|
Воспоминания о Викторе Платоновиче Некрасове
Рюрик Немировский
Рюрик Немировский и Виктор Некрасов в гостиной квартиры ВПН, Киев, март 1974.
Фотография Виктора Кондырева
Рюрик Немировский в кабинете ВПН, Киев, март 1974.
Фотография Виктора Кондырева
Немировский Рюрик Марьянович (29 апреля 1923, г. Тальное, ныне Черкасской области — 6 февраля 1991, Киев) — поэт, литератор, редактор.
Жил в Киеве.
Работал литредактором в издательствах Академии наук Украины, «Мистецтво», «Музична Україна».
Единственный сборник «Песня Трех апрелей (Неправильная поэма)» вышел в издательстве журнала «Радуга» только в 2002 году.
Из воспоминаний искусствоведа Михаила Факторовича:
«Этот “негромкий” человек был незаурядной, яркой личностью и занимал достойное место в некрасовском окружении. Сам Некрасов награждает его, казалось бы, не очень лестными словами, называет “ехидным и ироничным, снобом, великим мастером перемывания чужих костей”. Но эти определения в устах Некрасова означали, скорее всего, незлобивое подтрунивание, шутливую иронию и, можно сказать, словесную игру, чем нередко пользовался Виктор Платонович, желая оттенить не только своеобразие отнюдь не ангельских характеров близких ему людей, но и своего собственного, ибо он был из породы людей, наделенных чувством самоиронии.
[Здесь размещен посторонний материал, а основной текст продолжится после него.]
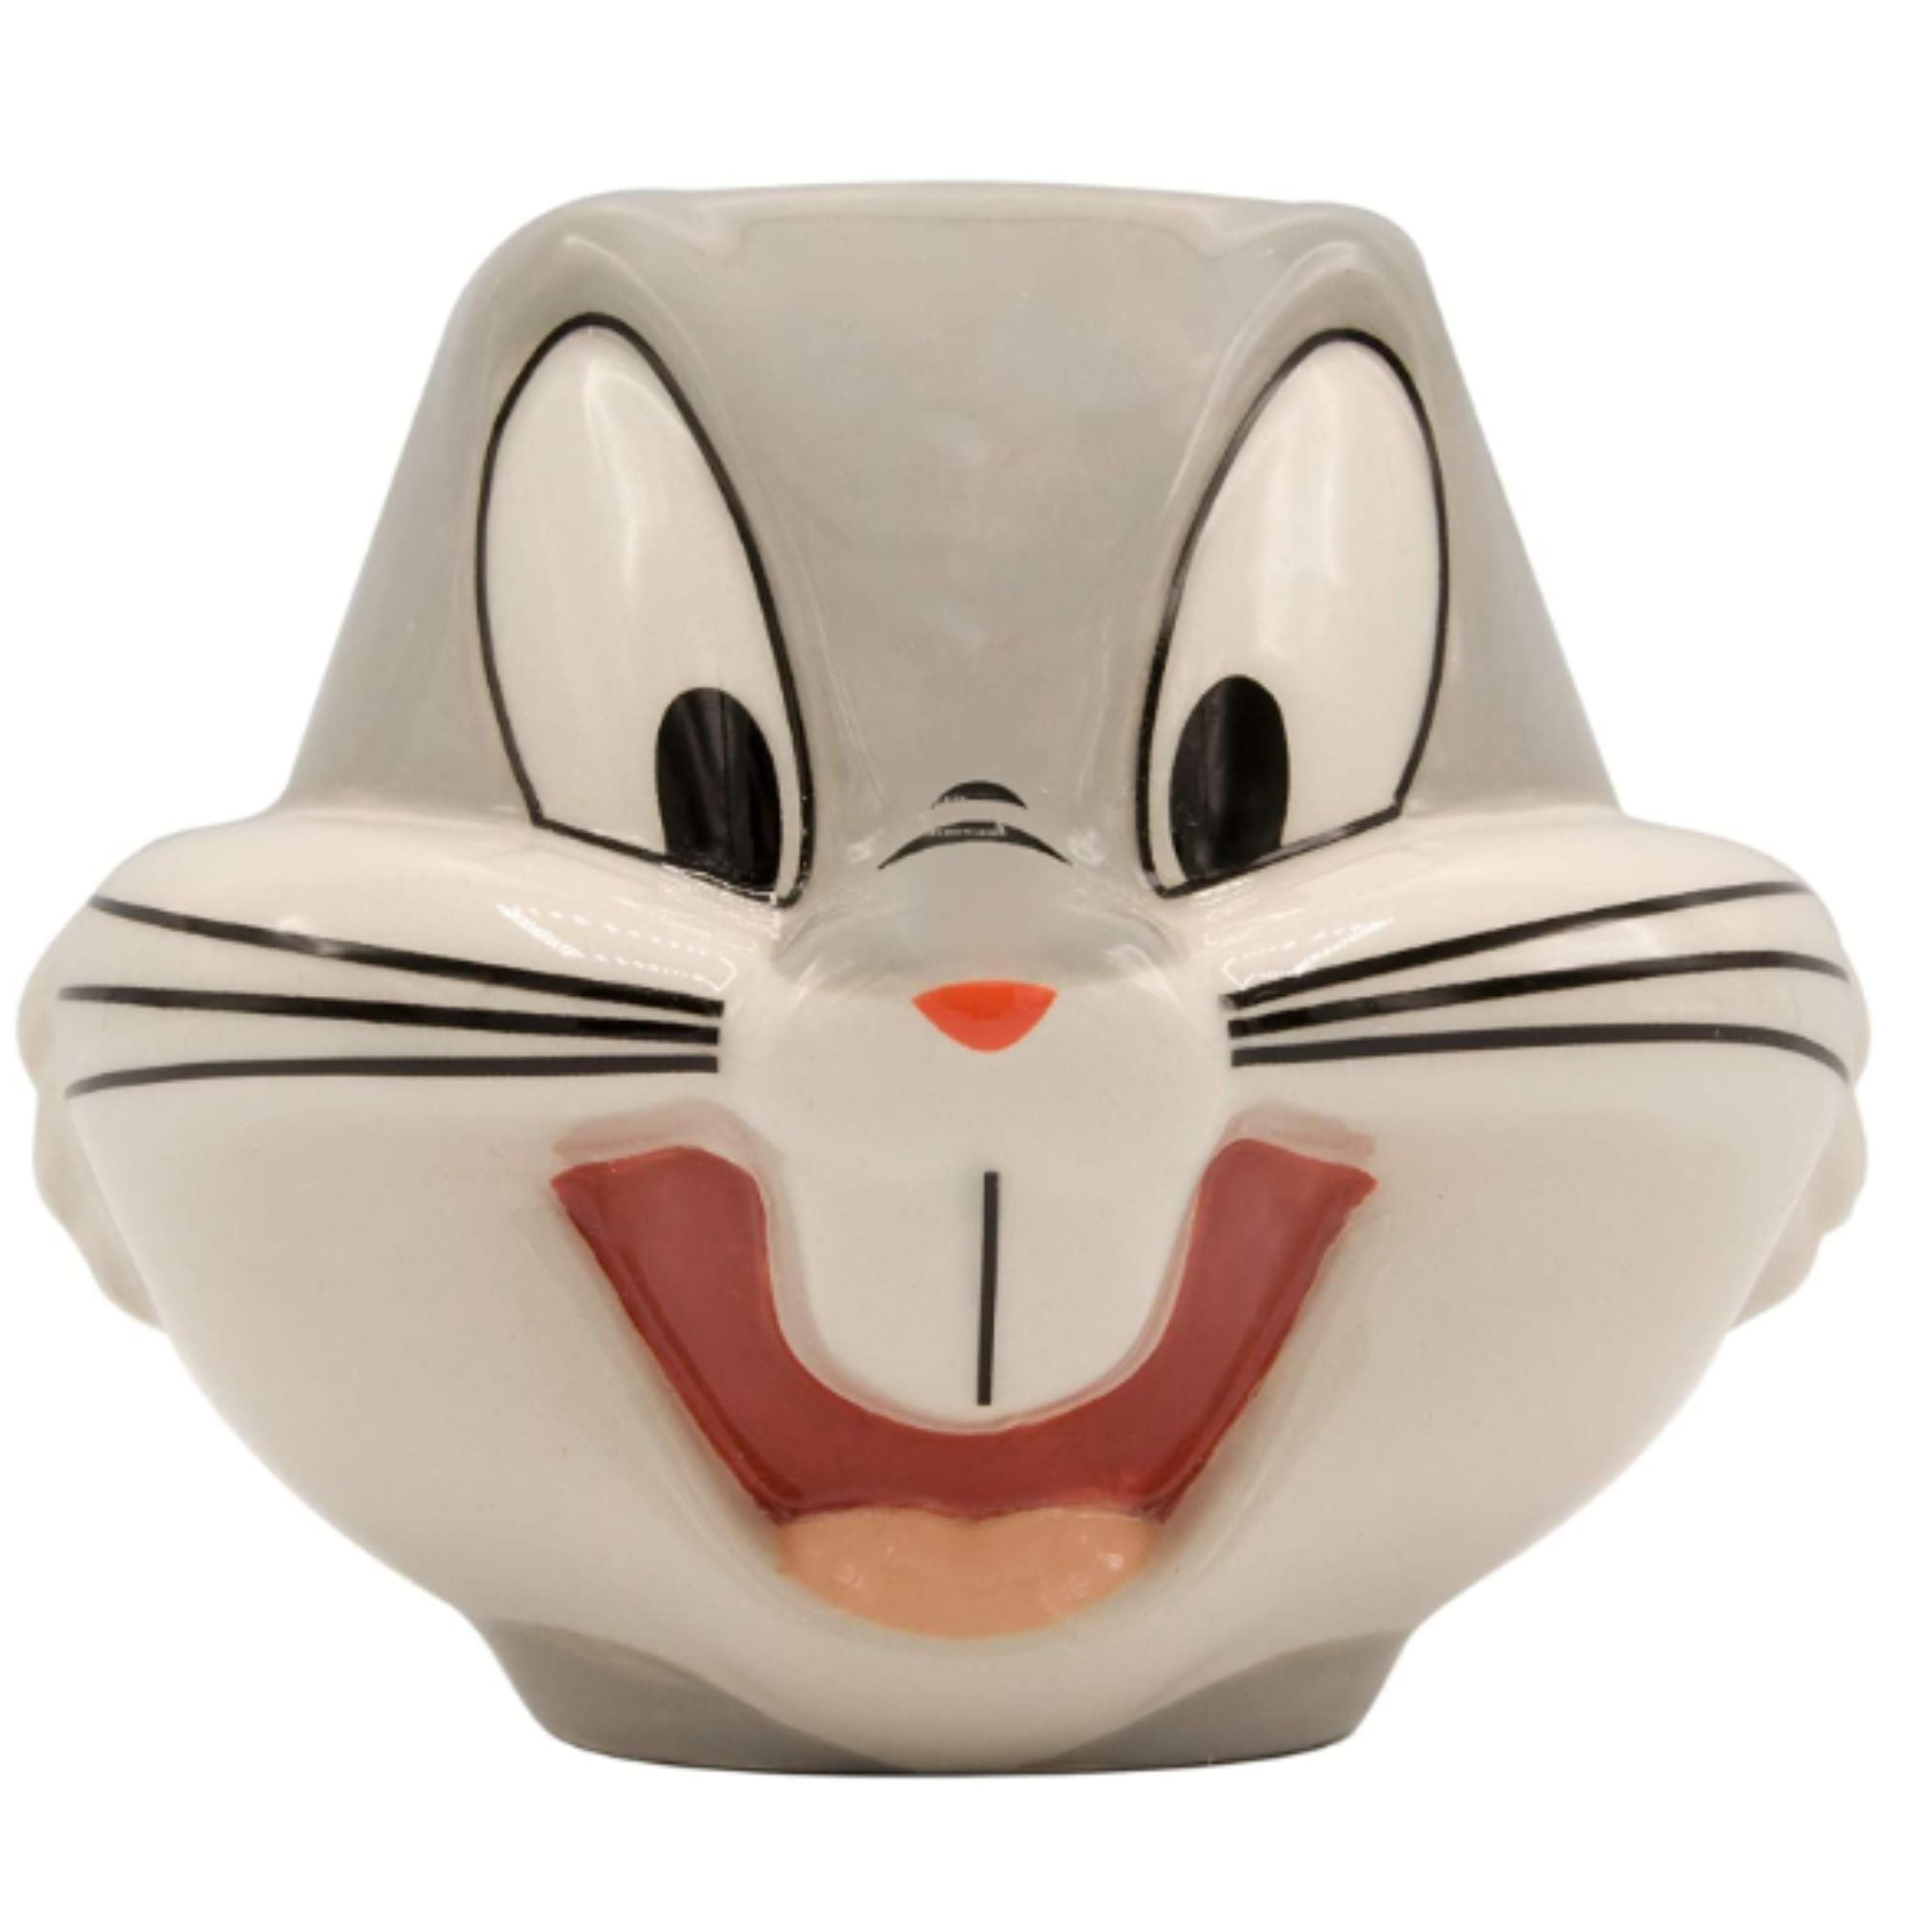 Taza Mediana 3D Fun Kids Warner Bros. Bugs Bunny Ceramica 650ml

Могу сказать, что как раз по свойству своего ума, острого и меткого, легко умевшего уловить суть человеческой натуры, даже затаенных мыслей и побуждений, и по своей внутренней независимости и свободе, Рюрик был одним из самых желанных собеседников Некрасова. При всем своем скептицизме он умел тонко замечать и по достоинству оценивать в людях привлекательные, благородные черты, был способен искренне этим восхищаться. Сам Рюрик был наделен музыкальными способностями и поэтическим даром, к сожалению, оставшимися должным образом не реализованными. Он окончил музыкальную школу по классу скрипки, затем была война, фронт, ранение, учеба в университете, служба в издательстве “Музична Украіна”. До конца своей жизни он оставался близким музыкальной среде, чему способствовала его женитьба на Юдифи Рожавской, талантливом композиторе. Их дом был одним из немногих мест, куда приходил Некрасов в трудные для него минуты».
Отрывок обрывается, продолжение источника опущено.